__Try it__:
Please write out every line of the listing without alteration, but omit the images.

__Source material__:
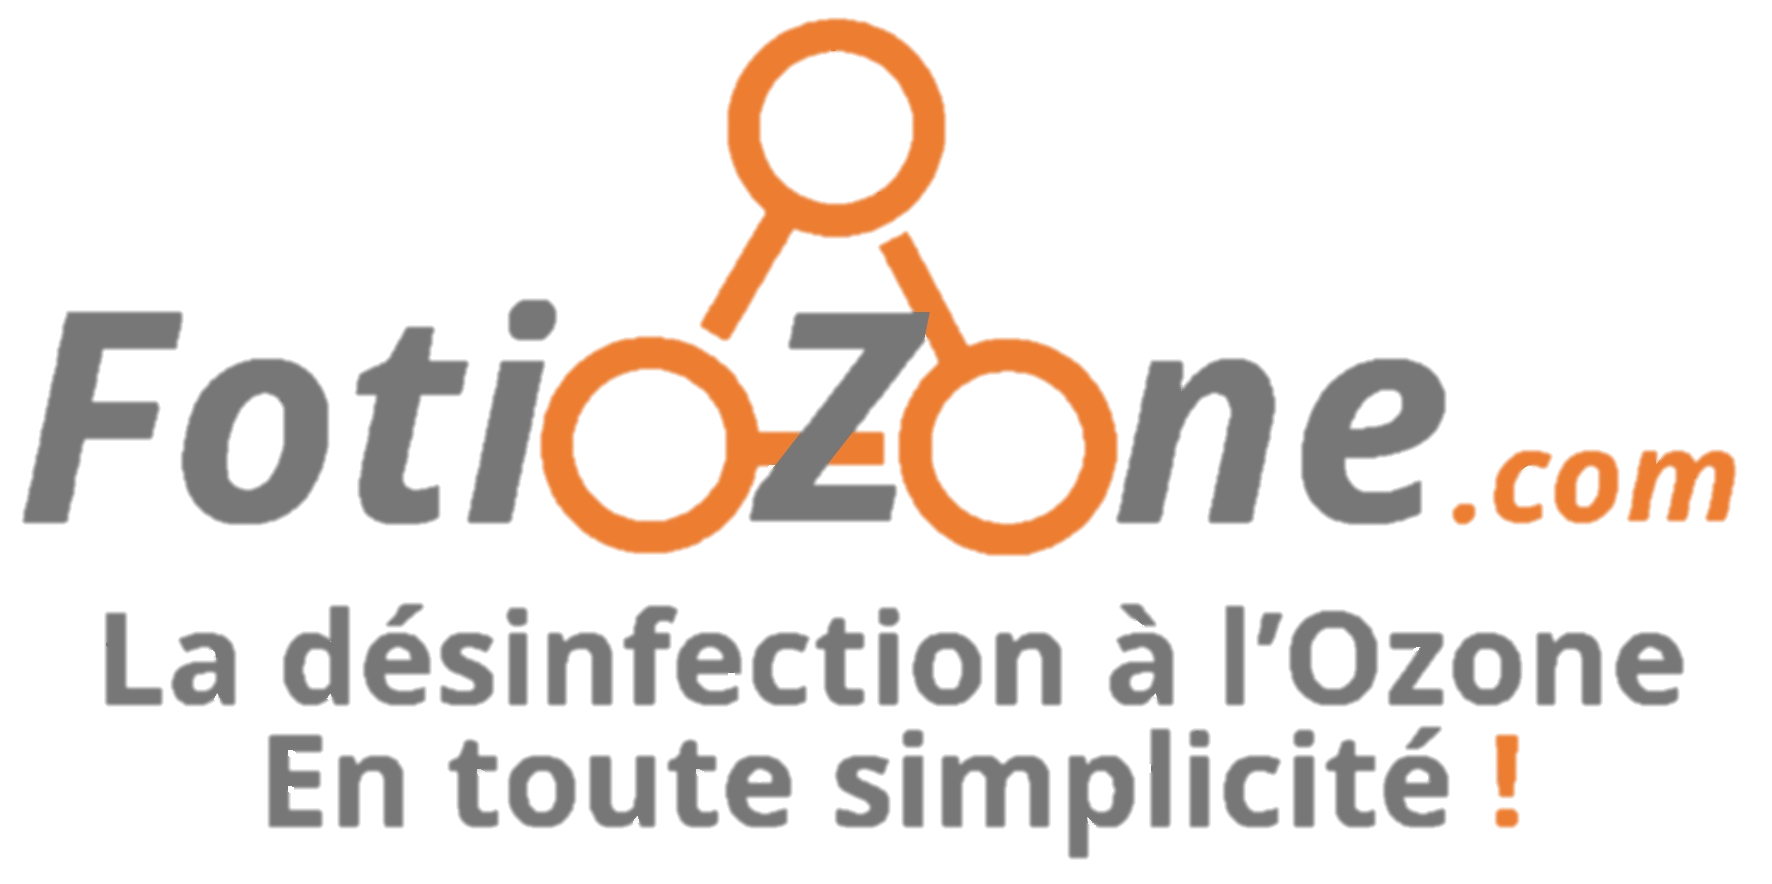 Fotiozone.com
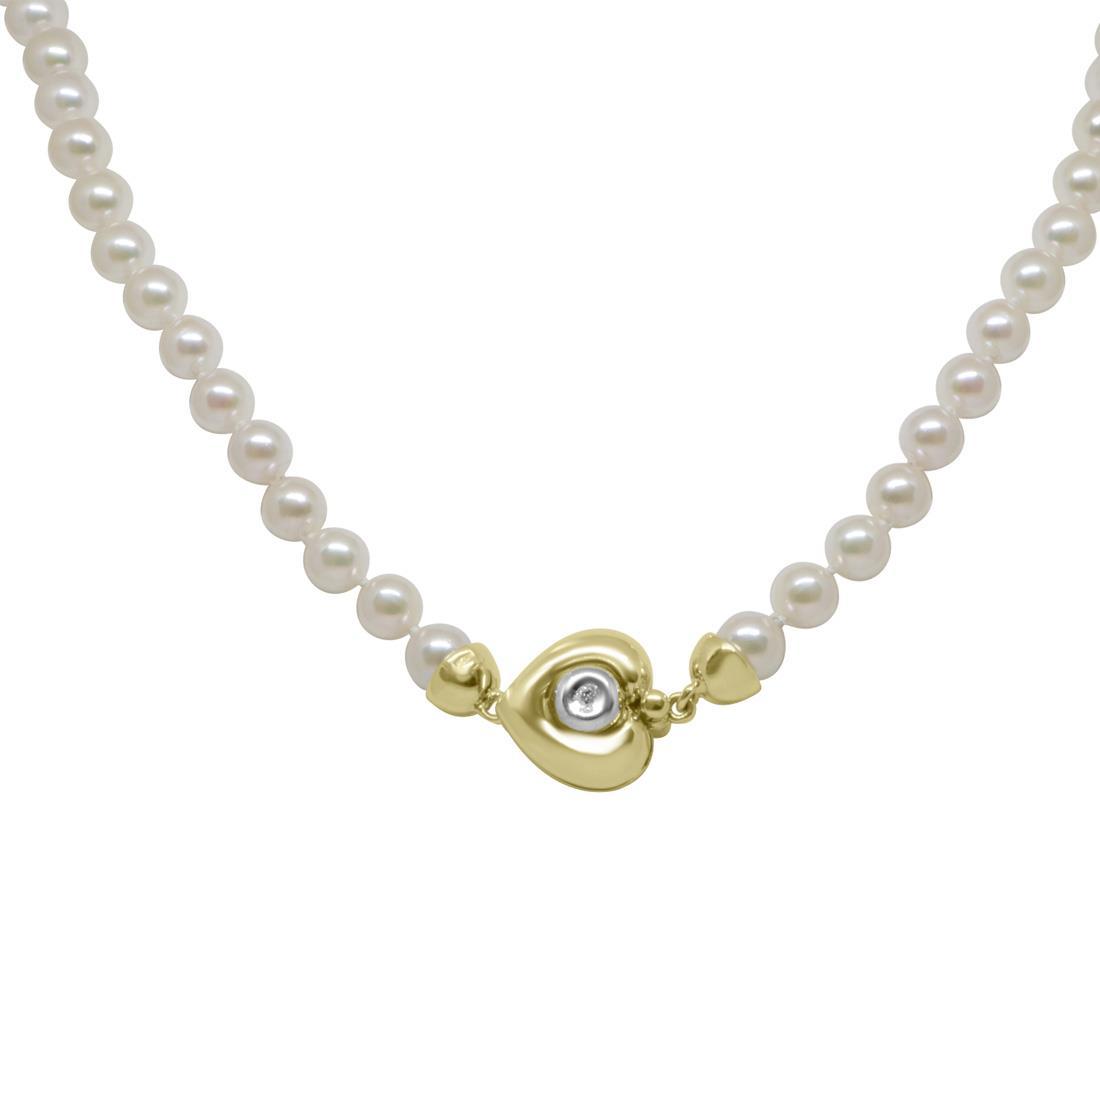 Collana Oro & Co con perle Akoya Giapponesi 5.5-6MM - ORO&CO
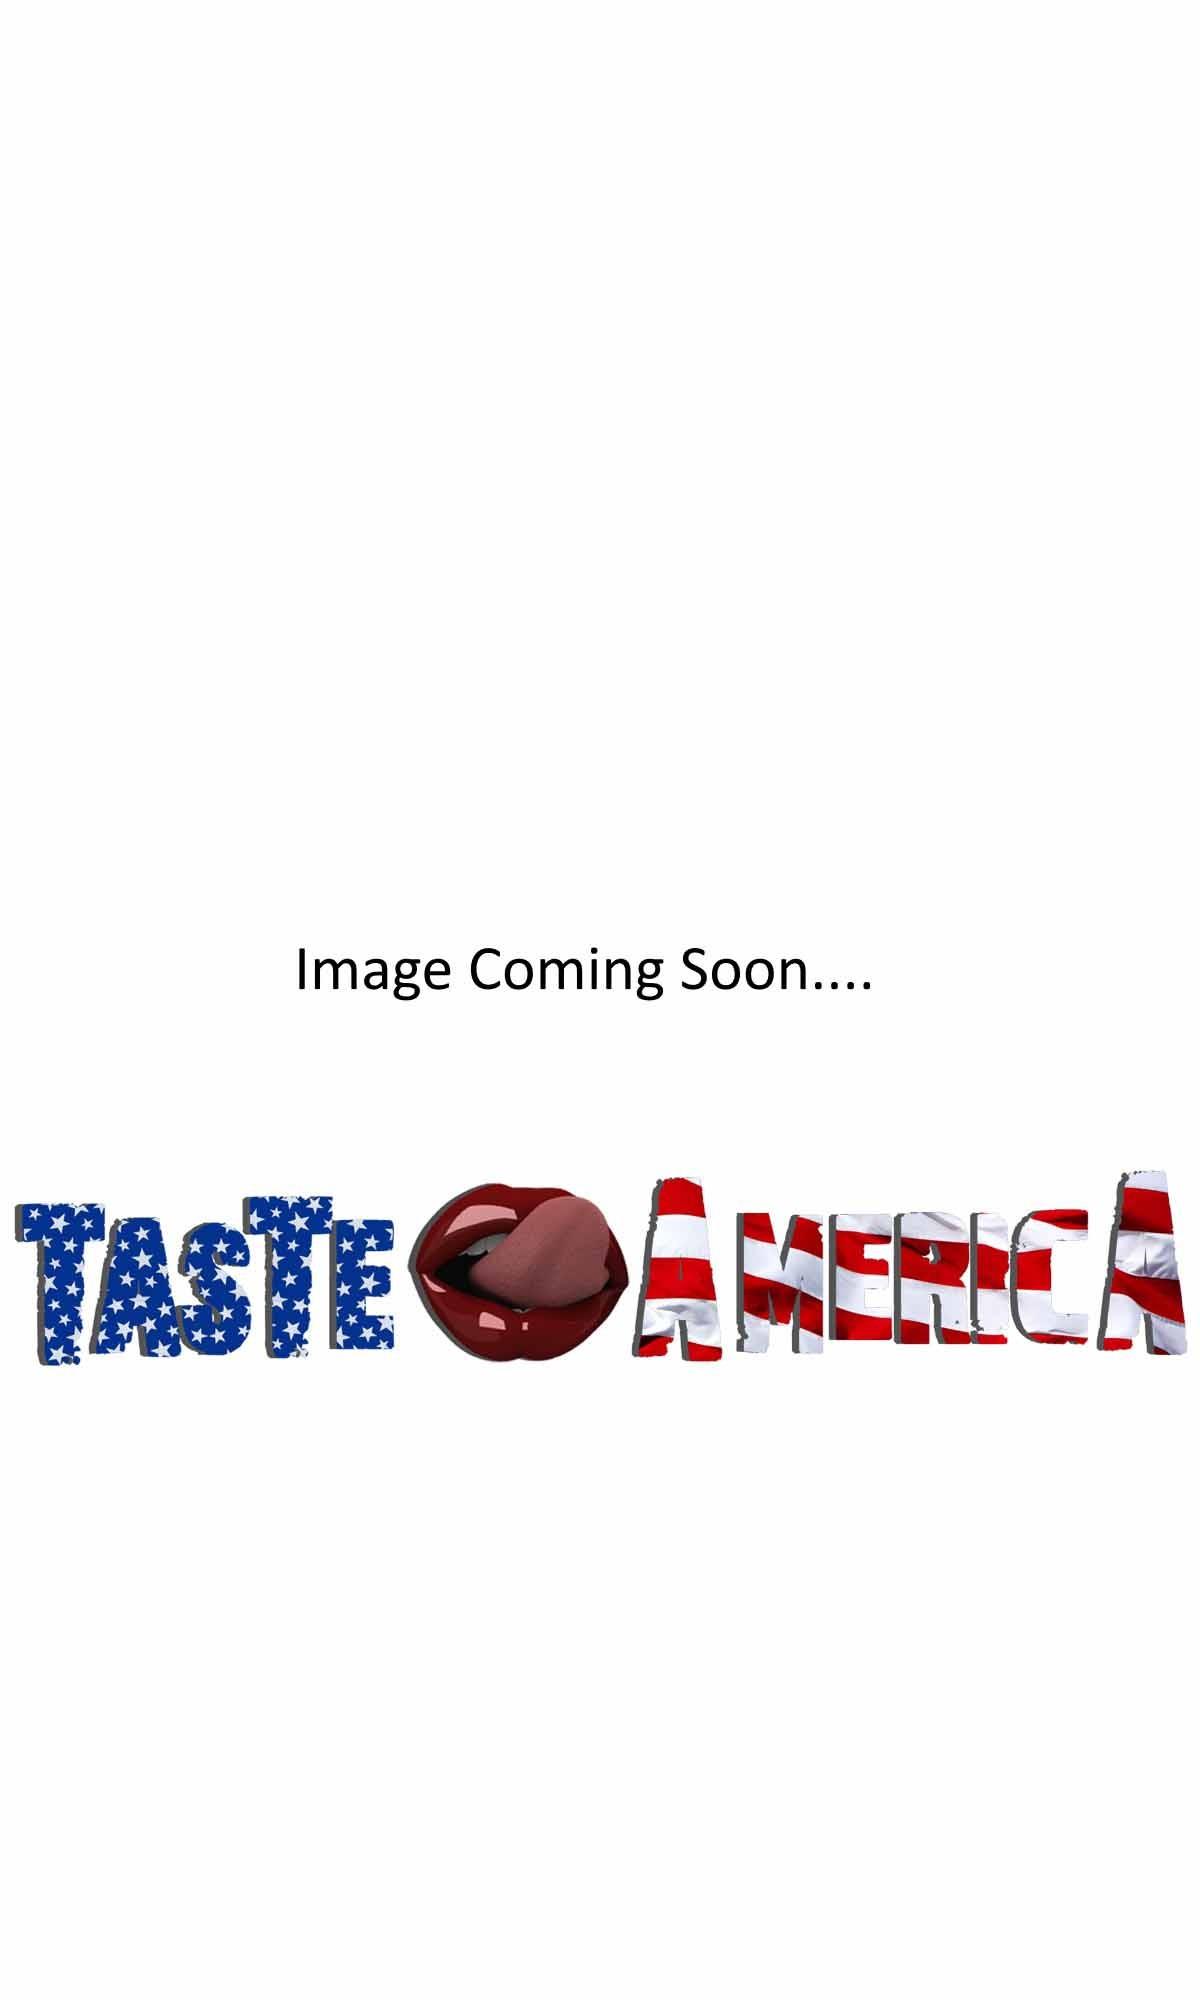 Buy Luzianne Green Iced Tea 24 Family Size Bags At Taste America
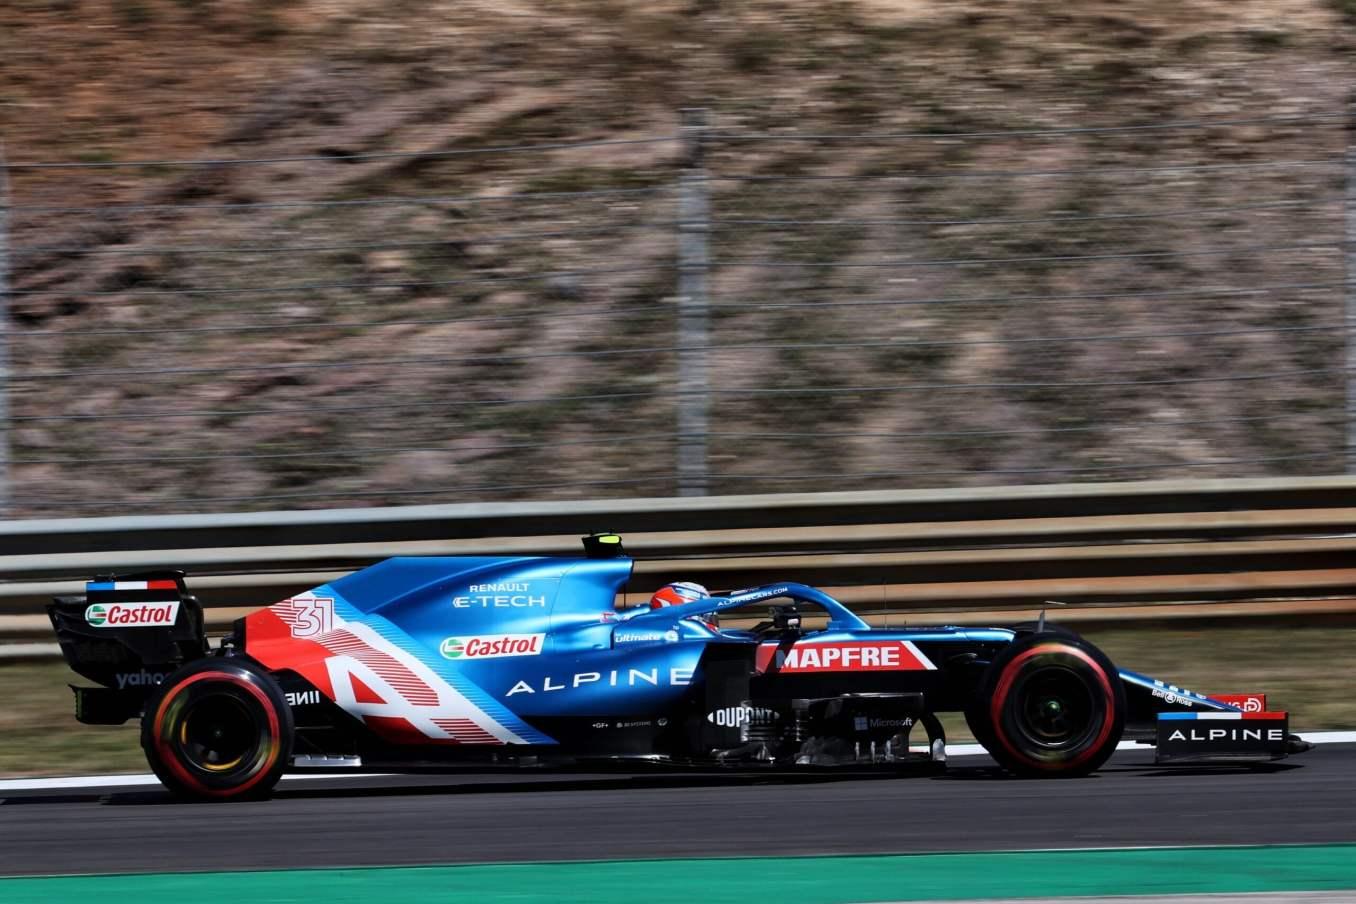 Alpine F1 Team GRAND PRIX HEINEKEN DU PORTUGAL Alonso Ocon 2021 A521 17 scaled   Alpine F1 Team : des essais convaincants au Grand Prix Heineken du Portugal

__Solution__:
 Fotiozone.com
 Collana Oro & Co con perle Akoya Giapponesi 5.5-6MM - ORO&CO
 Buy Luzianne Green Iced Tea 24 Family Size Bags At Taste America
 Alpine F1 Team GRAND PRIX HEINEKEN DU PORTUGAL Alonso Ocon 2021 A521 17 scaled   Alpine F1 Team : des essais convaincants au Grand Prix Heineken du Portugal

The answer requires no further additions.